Examples of the optical disc 16a include a Digital Versatile Disc
(DVD), a DVD-RAM, a compact disc read-only memory (CD-ROM), a
CD-recordable (R)/CD-rewritable (RW), and the like.
[0039] The device coupling interface 17 is a communication
interface for coupling peripheral devices to the information
processing apparatus 1. For example, the memory device 17a or a
memory reader-writer 17b may be coupled to the device coupling
interface 17. The memory device 17a is a non-transitory recording
medium such as a Universal Serial Bus (USB) memory which has the
function of communication with the device coupling interface 17.
The memory reader-writer 17b writes data to the memory card 17c or
reads data from the memory card 17c. The memory card 17c is a
card-type non-transitory recording medium.
[0040] The network interface 18 is coupled to a network (not
illustrated). The network interface 18 may be coupled to another
information processing apparatus, a communication device, or the
like via the network. For example, an input image or an input text
may be input via the network.
[0041] FIG. 2 illustrates an example of a functional configuration
of the information processing apparatus 1 as the example of the
embodiment. As illustrated in FIG. 2, the information processing
apparatus 1 has the function of the training processing unit
100.
[0042] In the information processing apparatus 1, the processor 11
executes the control program (information processing program),
thereby realizing the function as the training processing unit
100.
[0043] The training processing unit 100 realizes a learning process
(training process) in machine learning by using training data. For
example, the information processing apparatus 1 functions as a
training device that trains a machine learning model by using the
training processing unit 100.
[0044] The training processing unit 100 realizes the learning
process (training process) in machine learning by using, for
example, training data (teacher data) to which a correct answer
label is assigned.

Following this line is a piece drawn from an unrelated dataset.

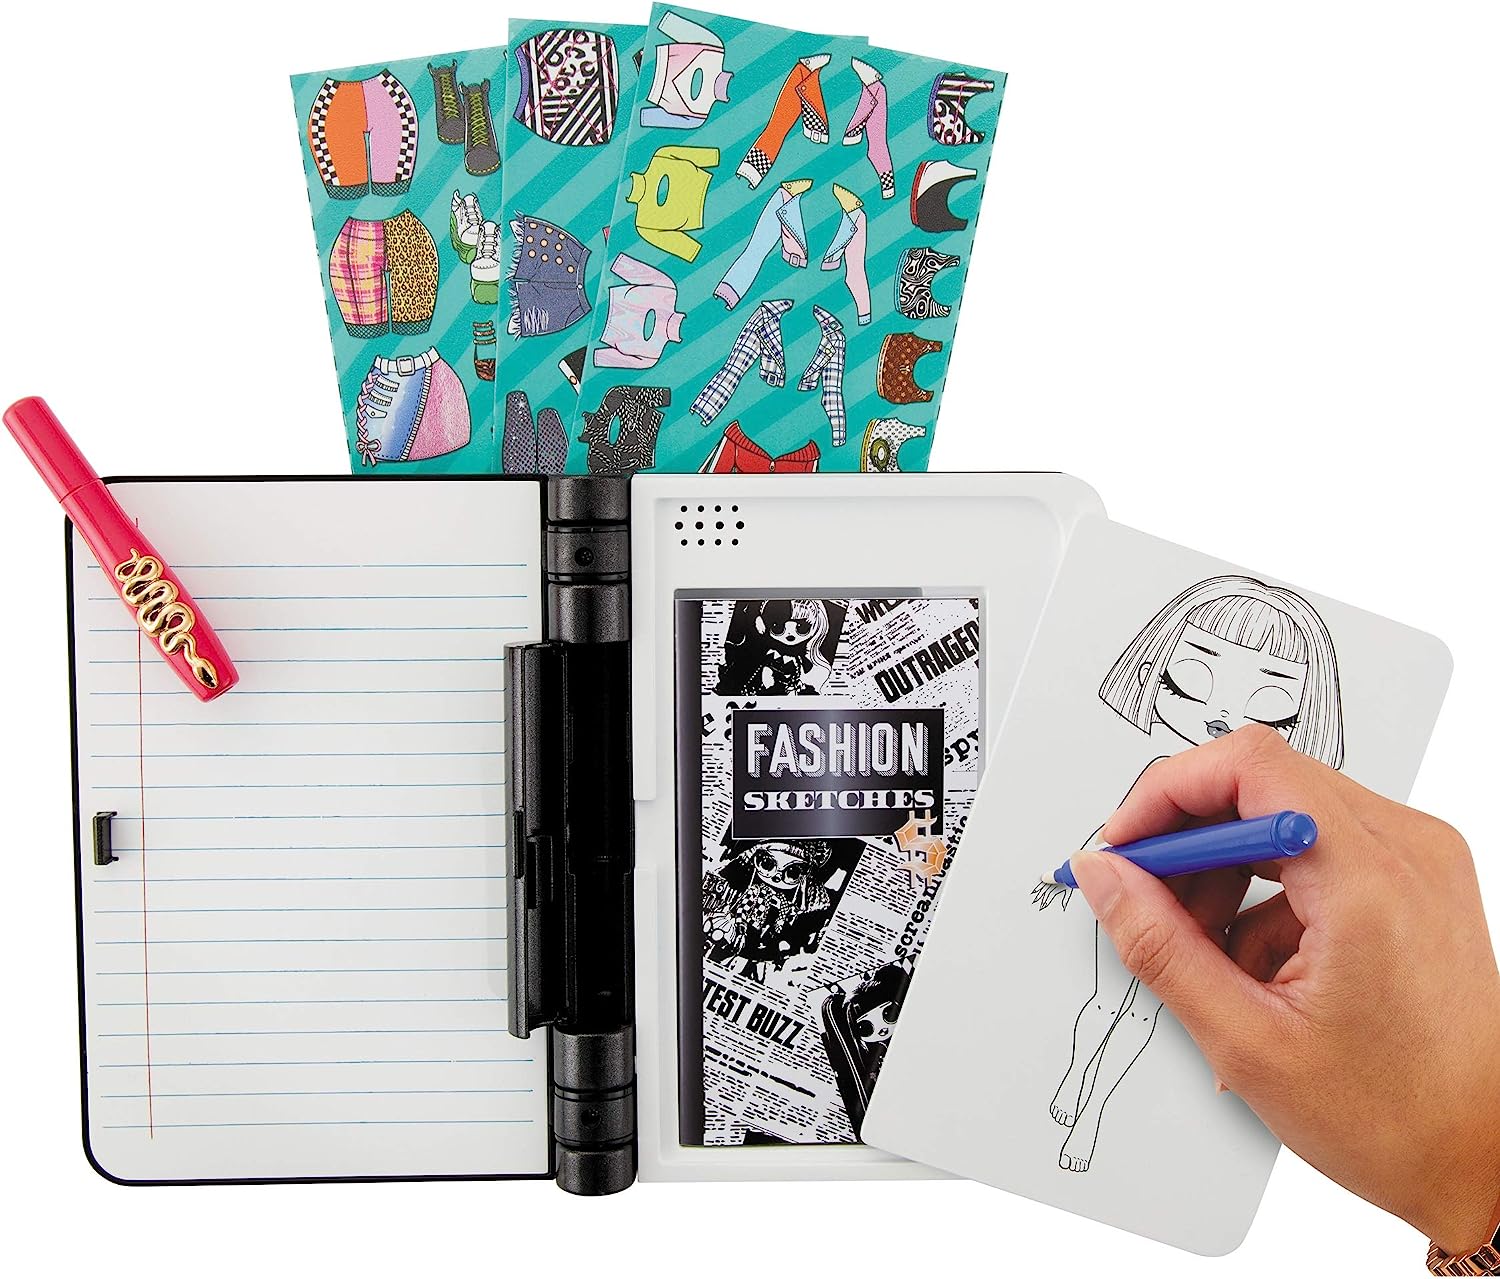 エルオーエルサプライズ 人形 ドール LOL Surprise OMG Fashion Journal ? Secret Electronic Password Journal Notebook with Real Watch & Invisible Ink Pen Storage of Secret Diary Cute Journal for Girlsエルオーエルサプライズ 人形 ドール 2

The training processing unit 100 trains the
machine learning model by using the training data and generates a
trained machine learning model resistant to training data
estimation.
[0045] The machine learning model may be, for example, a deep
learning model (deep neural network). A neural network may be a
hardware circuit or a virtual network by software that couples
layers virtually built in a computer program by the processor 11 or
the like.
[0046] As illustrated in FIG. 2, the training processing unit 100
includes the first training execution unit 101, the additional data
creation unit 103, and the second training execution unit 105.
[0047] The first training execution unit 101 trains the machine
learning model by using the training data and generates the trained
machine learning model.
[0048] The training data is configured as, for example, a
combination of input data x and correct answer output data y.
[0049] The training of the machine learning model performed by the
first training execution unit 101 by using the training data may be
referred to as first training. The machine learning model before
the training by using the first training execution unit 101 is
performed may be referred to as a first machine learning model.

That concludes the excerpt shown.